Archive for Optimization

A marketing test hypothesis is a powerful and necessary part of your marketing optimization program when running tests. I am going to take you through creating a simple hypothesis.

A hypothesis clearly states:

  • What you are testing 
  • What your control and experimental groups are 
  • What outcome you predict will happen (based on an educated judgment) 
  • What is the alternate outcome 
  • What you will need to track specifically in order to prove or disprove your test prediction.

 
Let’s look at a hypothesis more closely.

A hypothesis is clear and specific, testable, and can be proved right or wrong.

Look at these differences between a prediction, a question, and a hypothesis:

A Test Prediction: Not asking for a phone number on my registration form will increase registrations.    
A prediction is the outcome you expect – more or less your educated guess of what will happen.

A Test Question: Will not asking for a phone number on my registration form increase registrations?

A Test Hypothesis: Paid Search traffic reaching my registration form that does not ask for a phone number will  produce more registrations than Paid Search traffic reaching my registration form that asks for a phone number.
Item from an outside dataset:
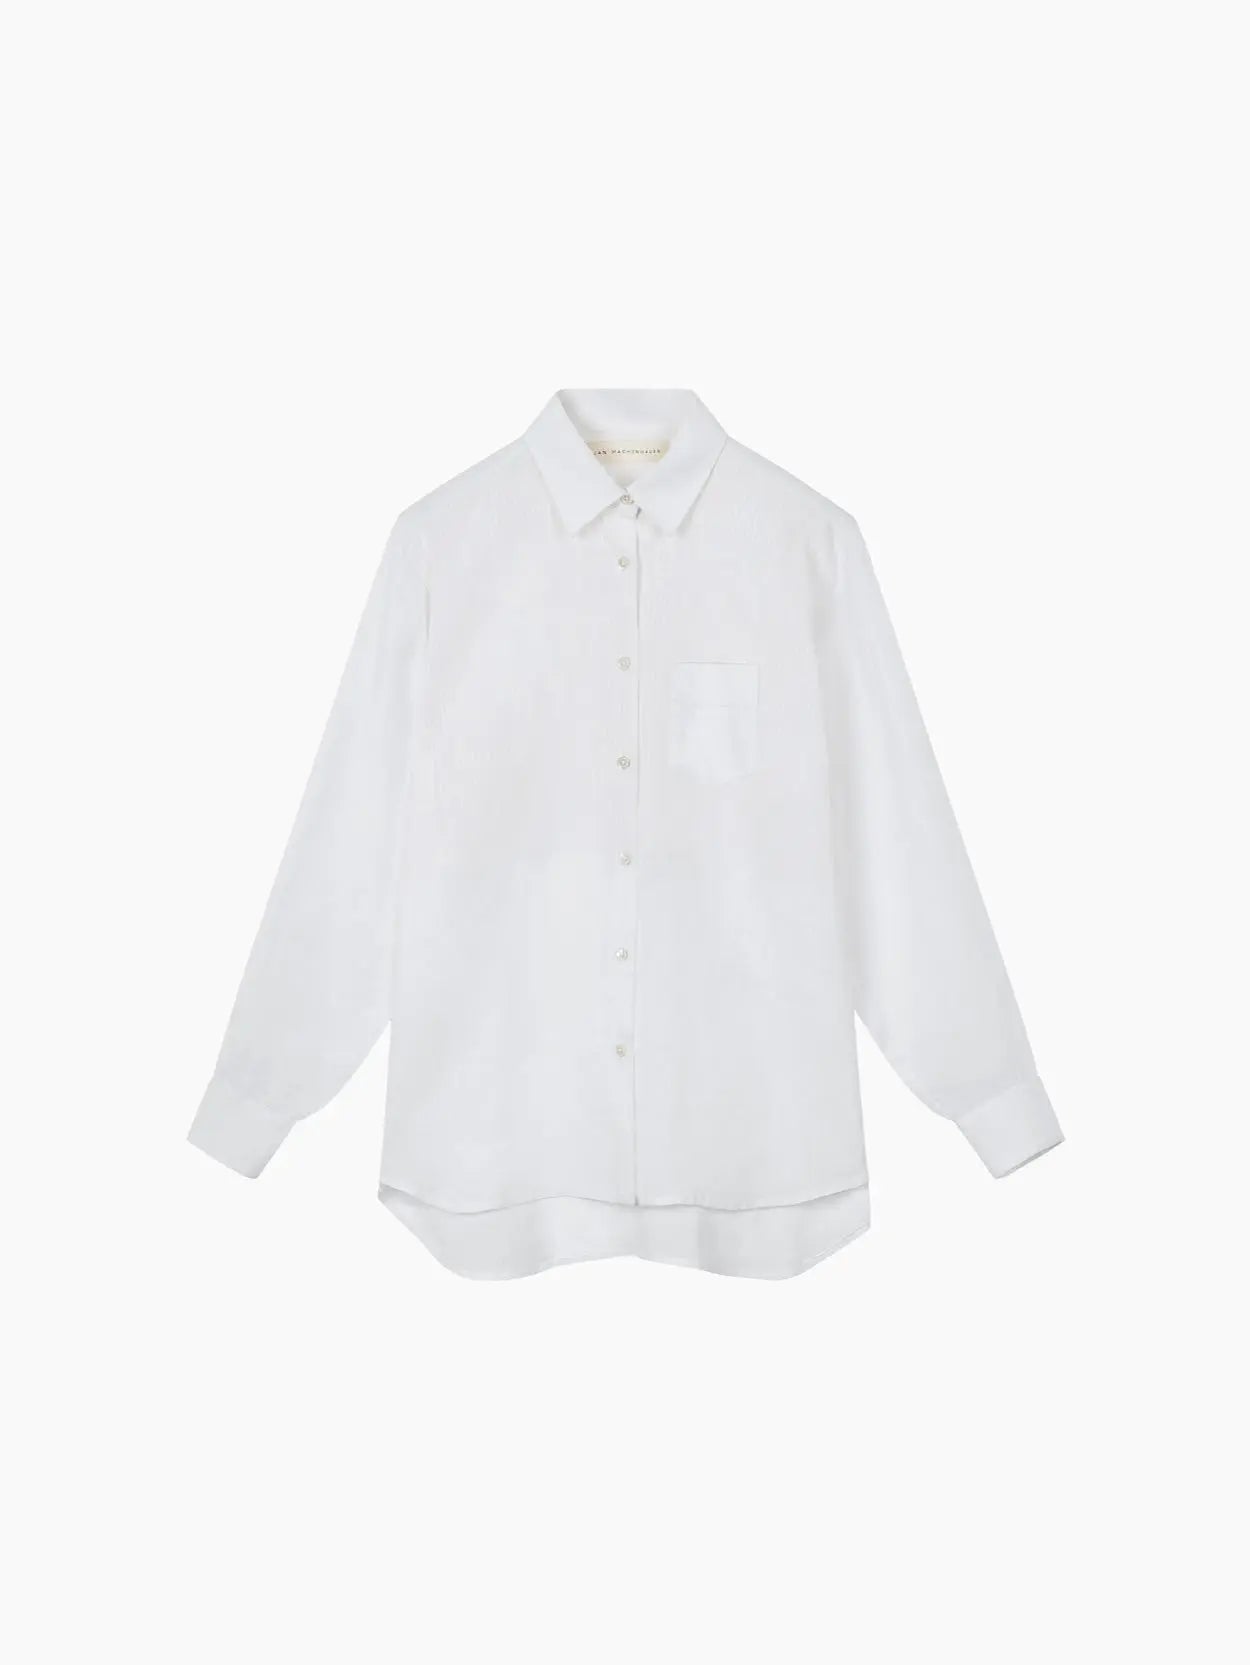 A white long-sleeve button-up shirt with a single chest pocket and a classic collar is neatly displayed against a plain white background. The Galla Linen Shirt Block Print Stripe by Jan Machenhauer, available at Bassalstore in Barcelona, features a relaxed fit with slightly rounded hems.

A hypothesis states with conviction what results you expect to see from your test, both from your control and your experimental group – it is here that you will state your test prediction.  And since we know that a hypothesis has to be able to be proven either right or wrong, we only have 2 possible outcomes – either my registration form that does not ask for a phone number increases registrations over my control that does ask for it, or it doesn’t produce more registrations(or a tie).
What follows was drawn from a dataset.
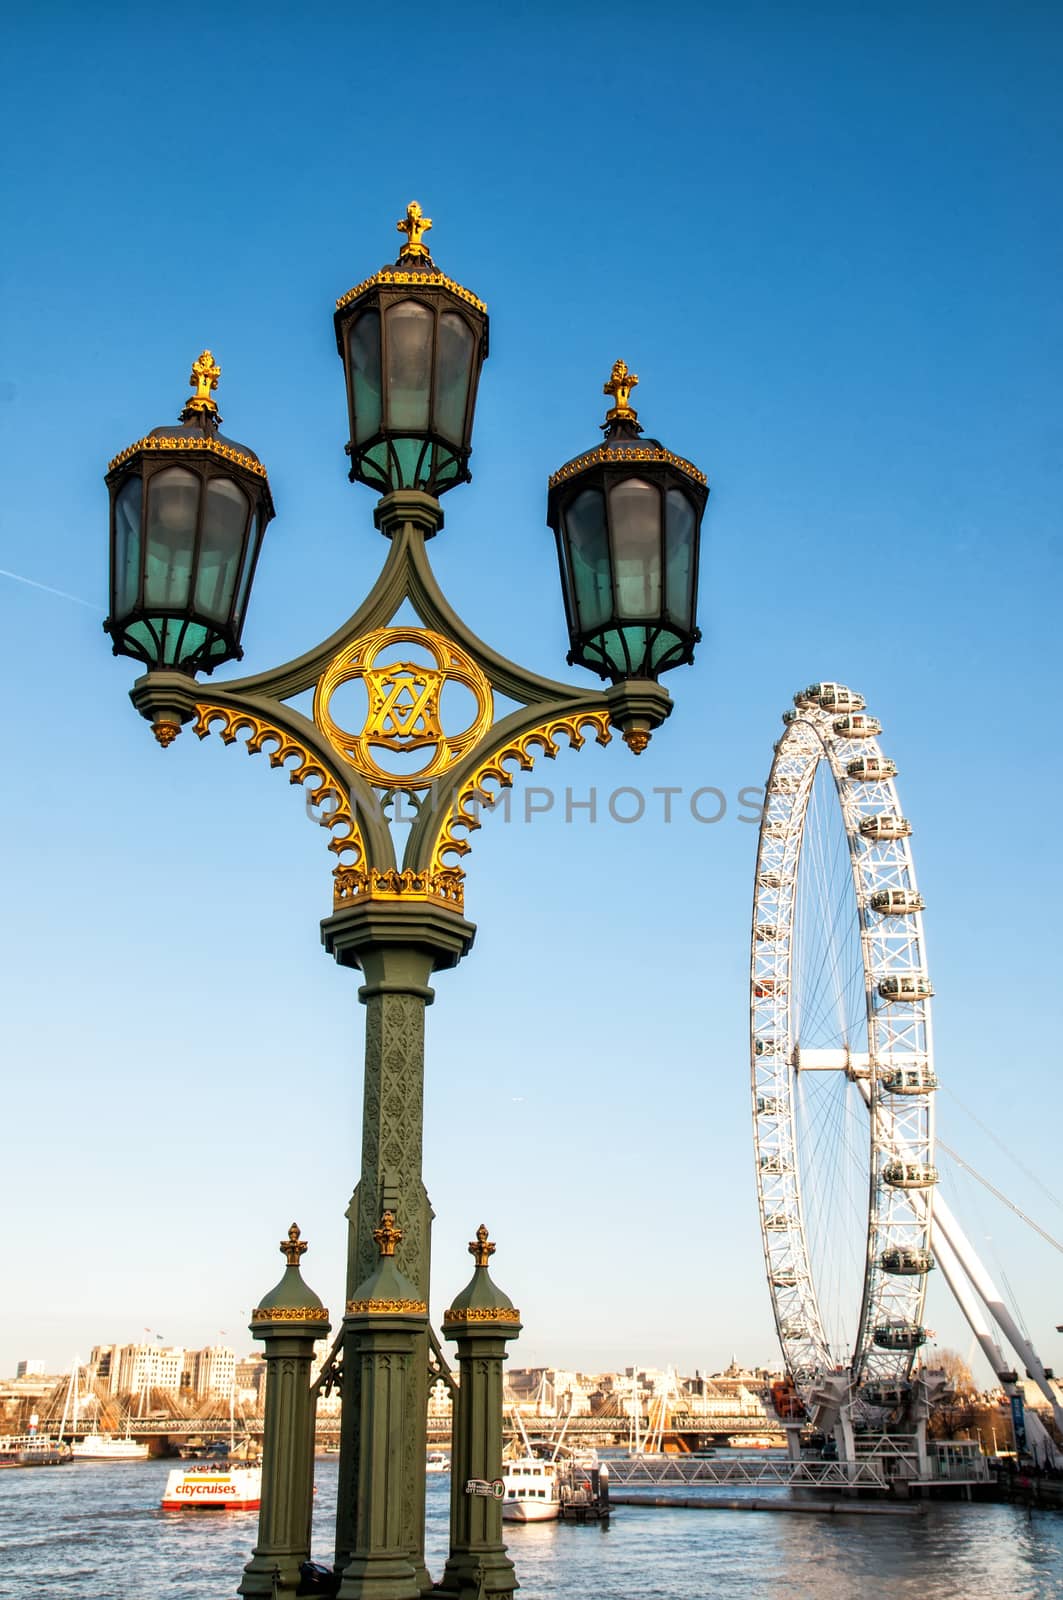 London Eye (135 m tall, diameter of 120 m) - a famous tourist attraction over river Thames

And finally, let’s break down the above marketing test hypothesis to show specifically what it explains:

  • Paid Search traffic reaching my registration form that does not ask for a phone number is the experimental group
  • Produce more registrations is the outcome we expect from the experiment and what we want to track
  • Paid Search traffic reaching my registration form that asks for a phone number is the comparison or control group.

If you wanted to run this test with multiple panels each having a different form field requirements (size), you could in reality replace phone number with less fields:

Paid Search traffic reaching my registration form that has less than 7 fields will produce more registrations than Paid Search traffic reaching my registration form that has 7 fields. ” 

You are still testing your hypothesis of that less fields will produce more registrations than your control of 7 fields, but you will determine from your testing which length is optimal to rollout with if your hypothesis is true.

With your completed hypothesis you can now execute your marketing test to your website visitors and let them prove or disprove it. If they prove your hypothesis to be true then you did a great job with your hypothesis’s prediction, if they disprove it, you still have learned something (make sure you take away lessons from each test!) – The test is not a failure, just try again after formulating a new hypothesis.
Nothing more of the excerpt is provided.